Regarding the first scenario - it is no longer impossible to imagine it coming to pass. Many low hanging fruits still exist, and many things have not yet been fully expored.
The key point in favor of the second scenario is that “data efficiency at the frontier” is not the same as regular “data efficiency”.
It is crystal clear that these models are extremely data inefficient.
But, at the frontier, the models know a lot about the world already, and a large amount of inductive bias has already been inserted into their weights and intermediate representations. Few shot learning following a long pretraining step was demonstrated extensively both in language and image models.
I believe it is simply intellectually dishonest to state that the probability of this happening is lower than say ~30% in the upcoming ~decade. And likely higher, and possibly sooner. Especially if we account for the probability of a more data efficient architecture to be invented in that time period.

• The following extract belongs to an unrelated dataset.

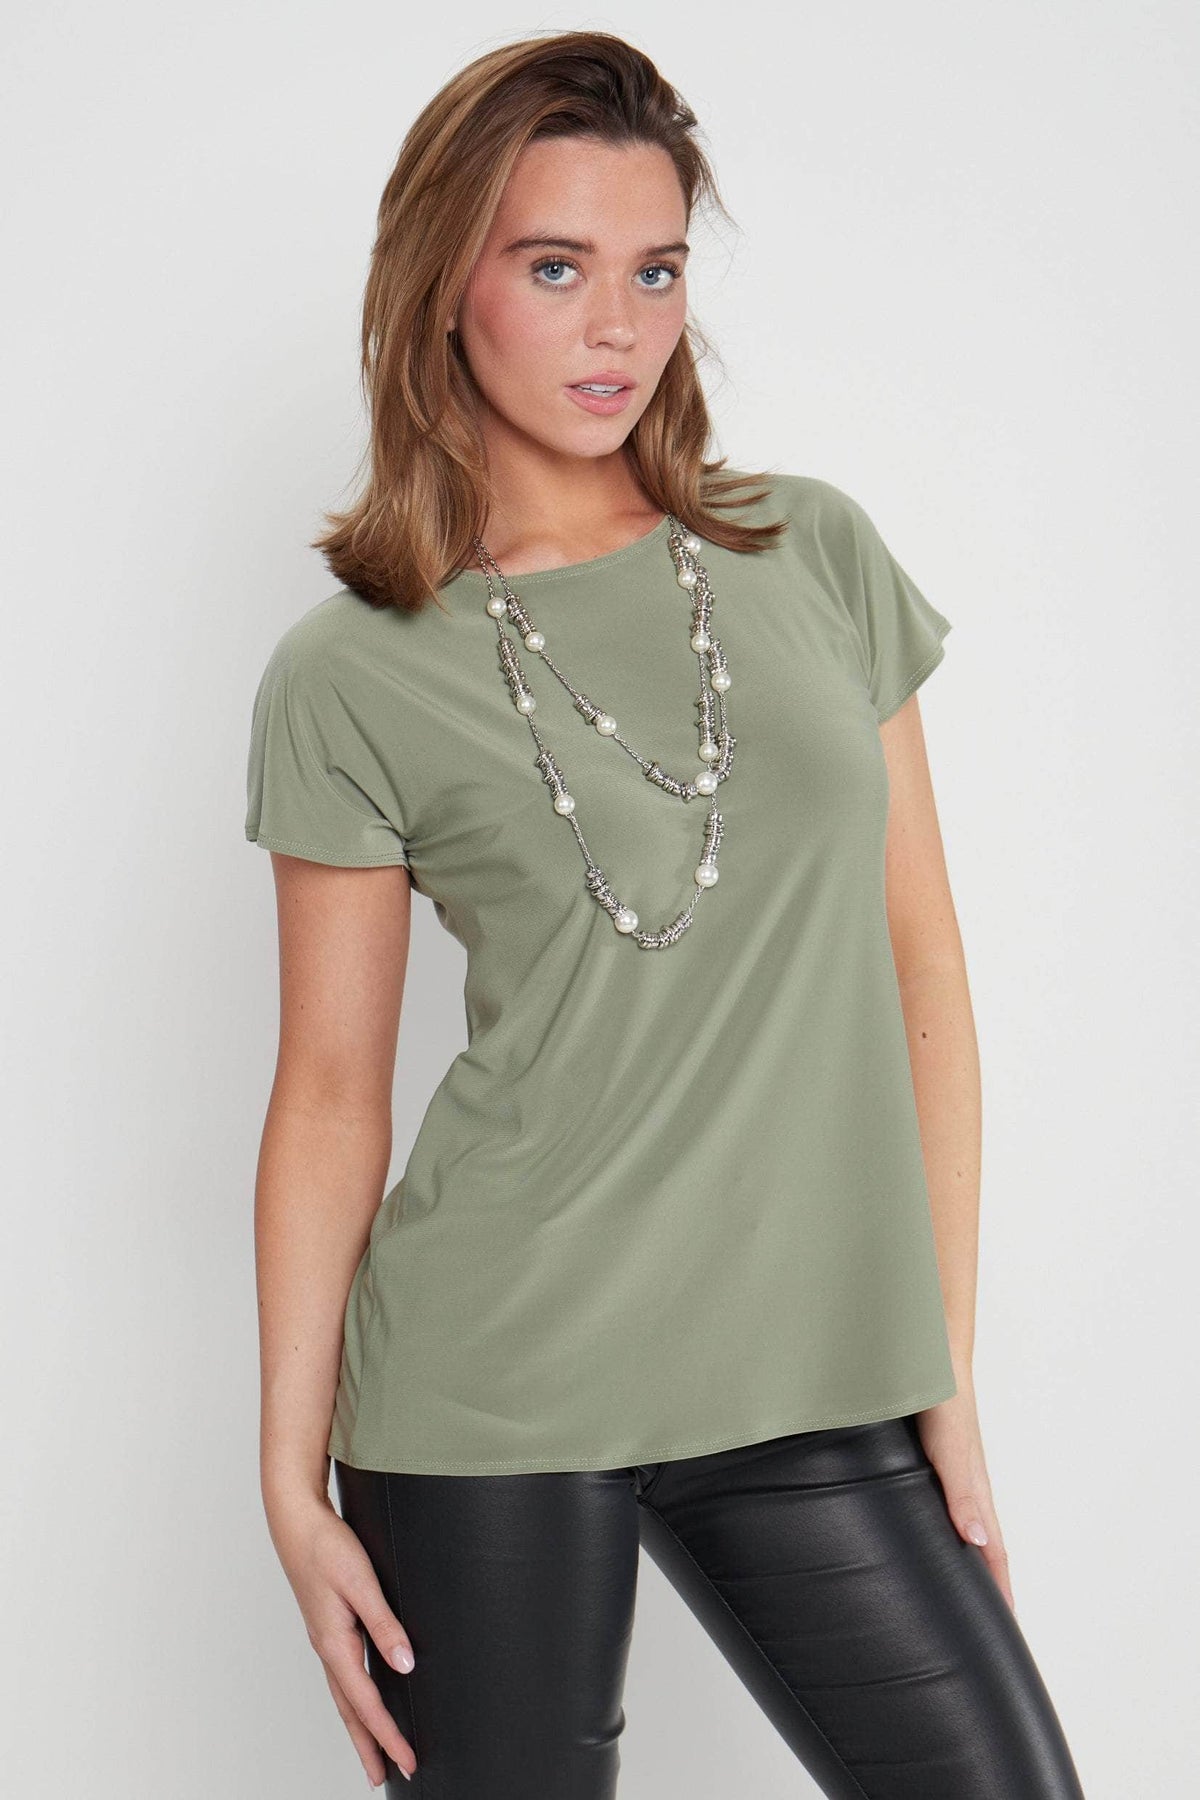 Saloos Top Khaki / 12 Essential Extended-Shoulder Top with Necklace

But, it is also far from certain at this point.
A strong counter argument can be made by pointing out the goal of attaining self-driving vehicles. This is clearly a strictly much simpler task than “operate in the world and advance human knowledge and understanding of the world”. This is also an attempt in which a lot of resources were invested into during the past decade.
And yet, still no cigar.
A few “excuses'' can of course be made on behalf of the autonomous vehicles folk. First, the models of 3 years ago were not large enough so no meaningful progress could be achieved and jump-start the data flywheel. Another potential “excuse” could be that the accuracy threshold for deployment is not only high capabilities (“99%”), but near perfect capabilities (“99.9999%”) due to safety reasons, which is extremely hard to guarantee with machine learning models historically, and potentially domains where bad outcomes are less deadly will allow for more rapid imperfect solutions to be deployed. e.g. only 1% of creating a striking image could still be useful to an artist, whereas a car that doesn’t crash 99% of the trips is not very useful to anyone. It is possible that if the data engine starts it’s progress from 1%, capabilities will progress in a much more rapid pace and from a much more earlier stage.
Either way, for both scenarios above - the future seems bright.
Not without risk, but with great promise.
It appears that after a period of ~50 years of relative technological stagnation in the physical world[1], but with huge advances in the digital world[2], the investment of humanity in information processing could finally bear fruit.
In the past 50 years humanity’s best and brightest spent their lives advancing information processing capabilities. At first glance, this sounds stupid that CS PhDs will try to improve ad placement at Google instead of attempting to cure cancer, but the over-sized returns from digital tech that led to programmers being the most lucrative and sought after profession might finally pay off - if those programmers will actually deliver on AGI. If so, this could lead to potentially the biggest economic boom in the history of humanity. And for that, I cannot wait.
May we live in interesting times.
[1] “the world of atoms” as they say, meaning people of the 70s-80s lived in roughly the same houses, prepared food in similar ways, drove roughly the same cars, flown on roughly the same planes and used the roughly same medicine
[2] “the world of bits”, meaning computers, the internet, phones - basically, none of these even existed in the 70s from the consumer perspective. so, tremendous progress in that area.